Pledge to invest outside the core: In the past (2006-7), Google management ascribed to a 70-20-10 investment strategy, with 70% of investment within the core, 20% in adjacent areas, and 10% entirely outside the core. It’s not clear if this is still the case.
It is worth noting that even in some of the areas where Google is perceived as an innovator, they are standing on the shoulders of others. Before Google built their current server infrastructure, companies like Inktomi build medium-scale farms for caching activities. In the late 90’s, before Inktomi, Alta Vista used mainframes to solve similar problems on a smaller scale, for a smaller Internet. We don’t know the next step in this random walk today, any more than we could have predicted today’s massively parallel designs back in the 90’s. That is the way innovation works.
Innie or Outie?
So, should your innovation initiatives be driven purely by the customers and customer observation, or by technology, pushing the envelope on what is possible? I think it is simplistic to consider either extreme a solution. Focusing on customers and their problem-spaces can be fruitful, but consider all the inventions that reached ubiquity without customer-driven research:
- Cell phones
- SMS
- Radio
- Television
- Telegraph
- Microcomputer
There is justification for both solution-focused and problem-focused orientations to feed the R&D pipeline. I think a portfolio of methods works best here: Employ a mix of methods, understanding that each may gestate some really great ideas.
Laying the Groundwork for Growth
It is time to get back to the question posed at the beginning of the post: Are life sciences and technology firms failing to strive, funding fewer ideas than they should to stoke their innovation engines?
I am sympathetic to the challenges of ramping up R&D spending quickly. Big things start with small things, and the key is to foster enough small things, and to foster some outside your core/comfort zone, so that you find some interesting ideas.
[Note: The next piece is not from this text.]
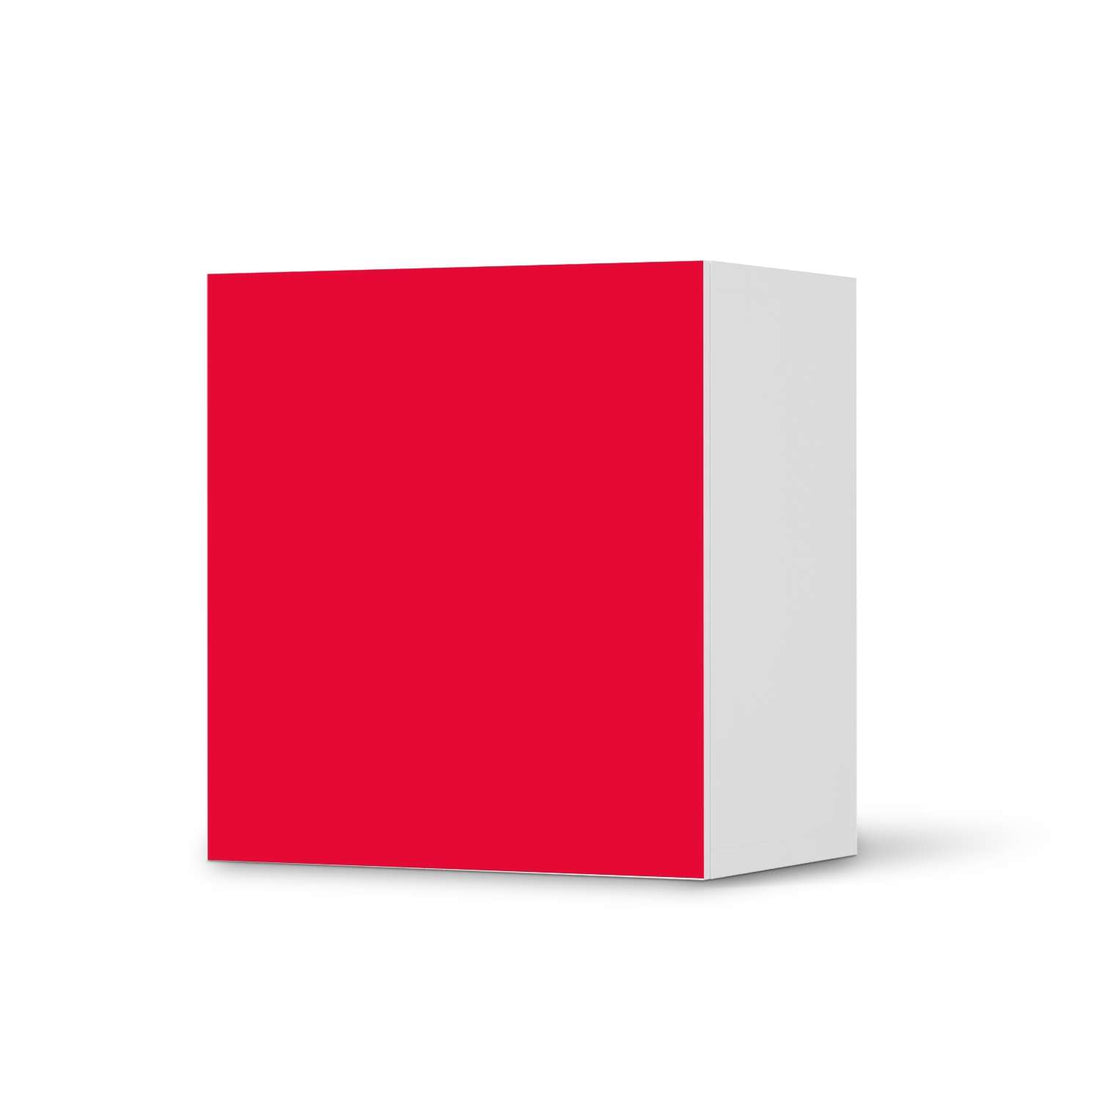 Klebefolie für Möbel Rot Light - IKEA Besta Regal 1 Türe  - weiss

I am not creative enough to explain how Google could go from a few billion in annual R&D spend to ten, much less 30 or 40 billion as Peter Thiel challenges. So, I can’t fault Google or Apple for keeping much of their cash in a rainy day fund.
Life sciences firms invest more in R&D as a percentage of revenues than any other industry, at least for now: R&D spending is declining for some of the largest firms, at the same time their pipelines are yielding to blockbuster drug patent expirations. It truly does suggest that we are out of traditional ideas for feeding the drug pipeline, at least until the next set of scientific and engineering breakthroughs, such as the prices of whole-genome sequencing falling to levels that allow a majority of the population to be sequenced.
I would love to see traditional life sciences firms focus additional attention in their customers’ problem space. Some of the most vexing problems in health care involve compliance with drug regimens (both simple and complex), mastering the growing sea of medical bills, insurance and reimbursement forms faced by aging boomers, and making lifestyle changes stick. It may be too far away from their current core products, but these are critical, health-related problems for their customer base. Perhaps including these non-traditional areas in pharmaceutical and biotech portfolio management processes is the next frontier.